Quanti importanti insegnamenti ed esempi! Lei così frequentemente rapita nel soprannaturale, ricorrere a queste preghiere, processioni, penitenze così semplici, così comuni e a portata di tutti. Il suo spirito di riparazione ci è oggi veramente necessario!
Una riparazione che oltrepassa la sua persona per dilatarsi in una riparazione comunitaria, come abbiamo visto. E non basta così, ma quante volte vi indurrà anche i superiori. Ricordiamo, ad esempio, quando Dio le fece vedere il pericolo che minacciava la sua stessa città per il moltiplicarsi delle discordie e dei peccati, ed essa indusse il vescovo mons. Eustachi a organizzare una processione di penitenza… e la giustizia di Dio fu placata.
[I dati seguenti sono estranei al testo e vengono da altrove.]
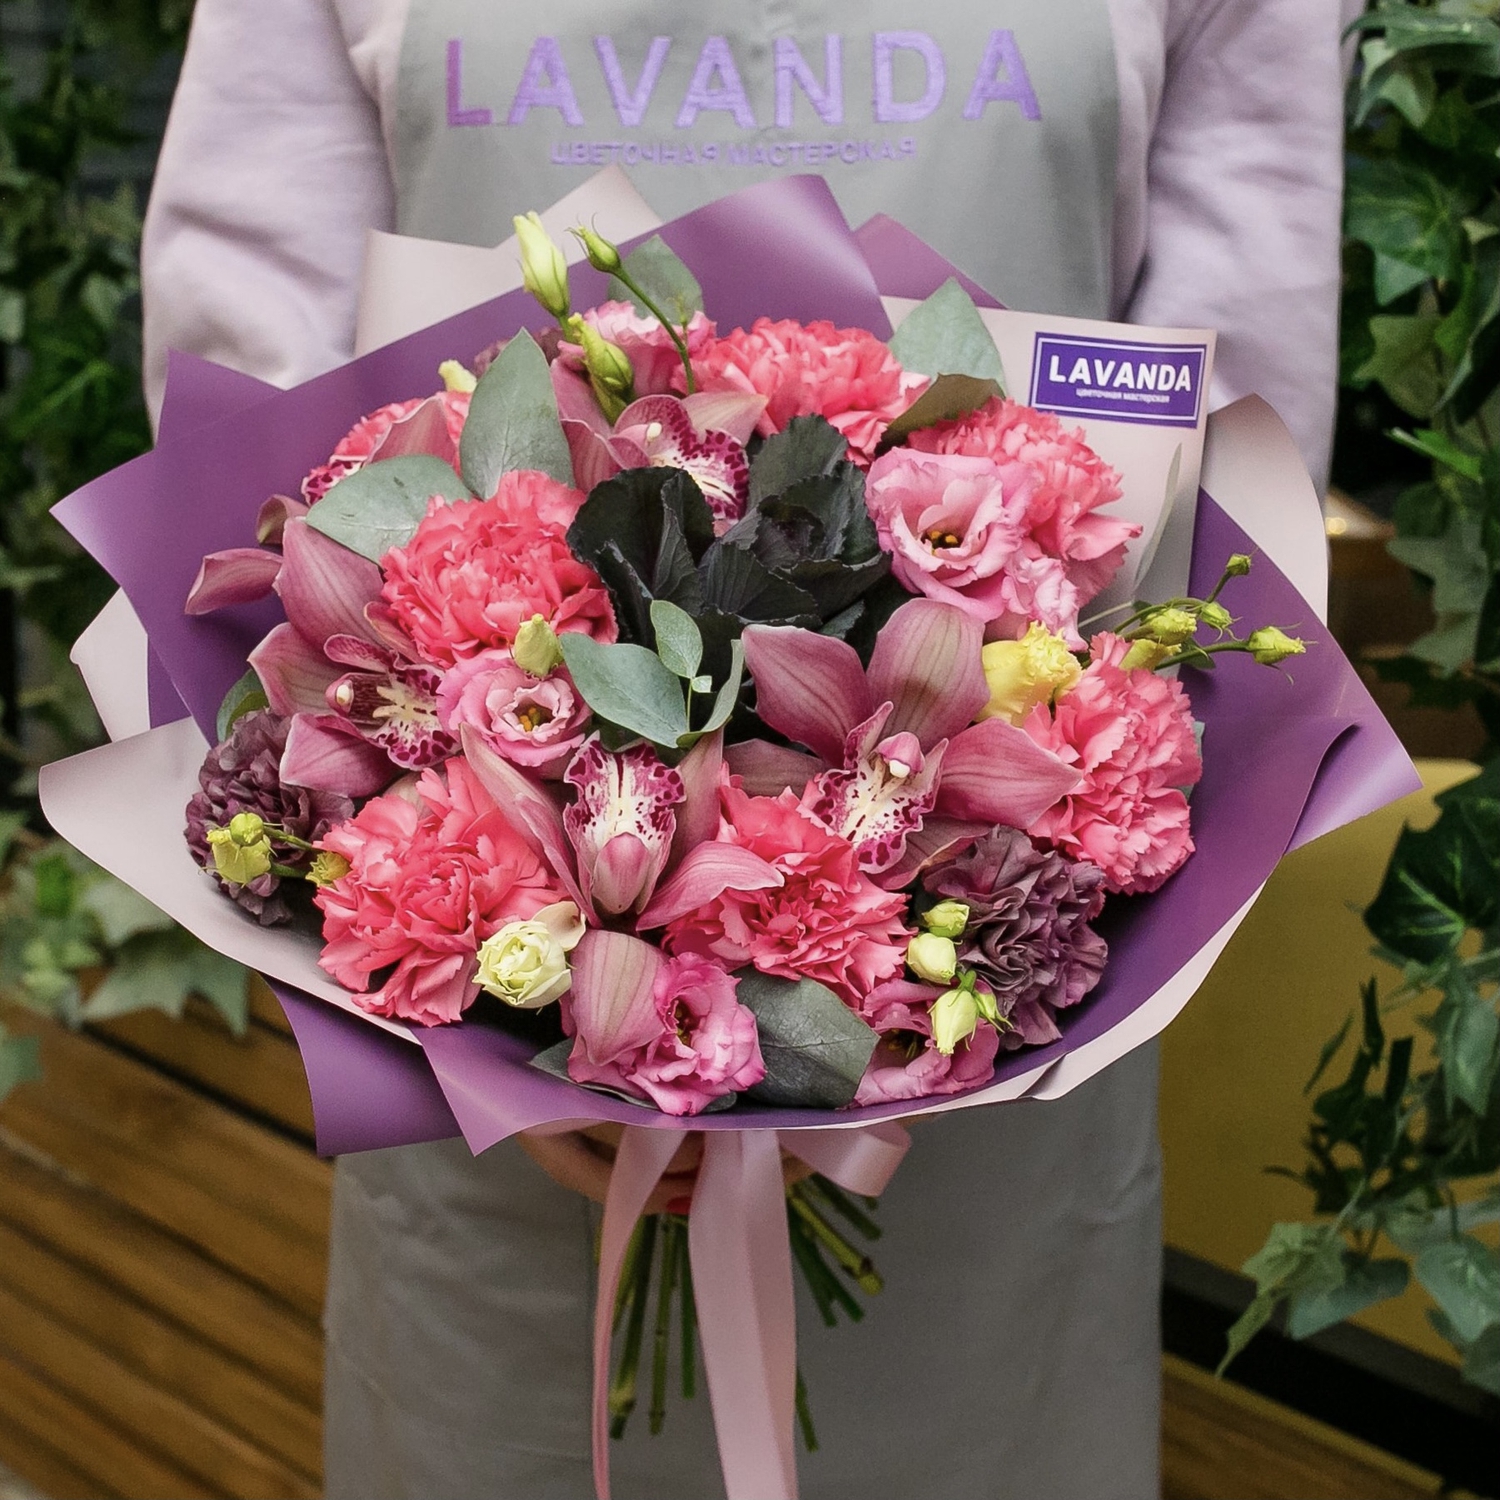 Букет розовых орхидей, эустом и диантусов с брасикой

Quanto sembra lontano oggi questo linguaggio, pur così semplice e veritiero dei Santi! Quanto ne abbiamo bisogno! Dove sono oggi le processioni di penitenza? Abbiamo forse dimenticato i risultati del voto fatto da Papa Pio XII alla Madonna del Divino Amore se avesse salvato Roma dai bombardamenti? E l’ha salvata!
E la preghiera del Santo Rosario indotta da san Pio V per la battaglia di Lepanto? La Madonna non l’ha deluso! Sarà che ci vergogniamo di essere criticati da un mondo razionalista, autosufficiente e arrogante?
Bisogna rispettare la sapienza dei Santi e usufruirne!
Se san Giovanni Evangelista insegna che non possiamo amare Dio che non vediamo, se non amiamo il prossimo che vediamo (lGv 4, 20-21), come potremmo essere grati al Signore per la Redenzione, se non siamo grati prima ai Santi, membri del Suo Corpo Mistico, che hanno patito anche loro così tanto per la nostra salvezza?
Che hanno completato nella loro carne quello che mancava delle Sofferenze di Cristo, a pro del Corpo Suo che è la Chiesa: che siamo noi. Diceva san Tommaso: «Niente impedisce che tra Dio e gli uomini ci siano dei mediatori secondari, in quanto cooperanti all’unione degli uomini con Dio».
Grazie, dunque, Santa Veronica! Grazie a tutti voi santi! E Grazie soprattutto alla Gran Madre di Dio, e Madre nostra, Maria Santissima “Corredentrice” per eccellenza del mondo.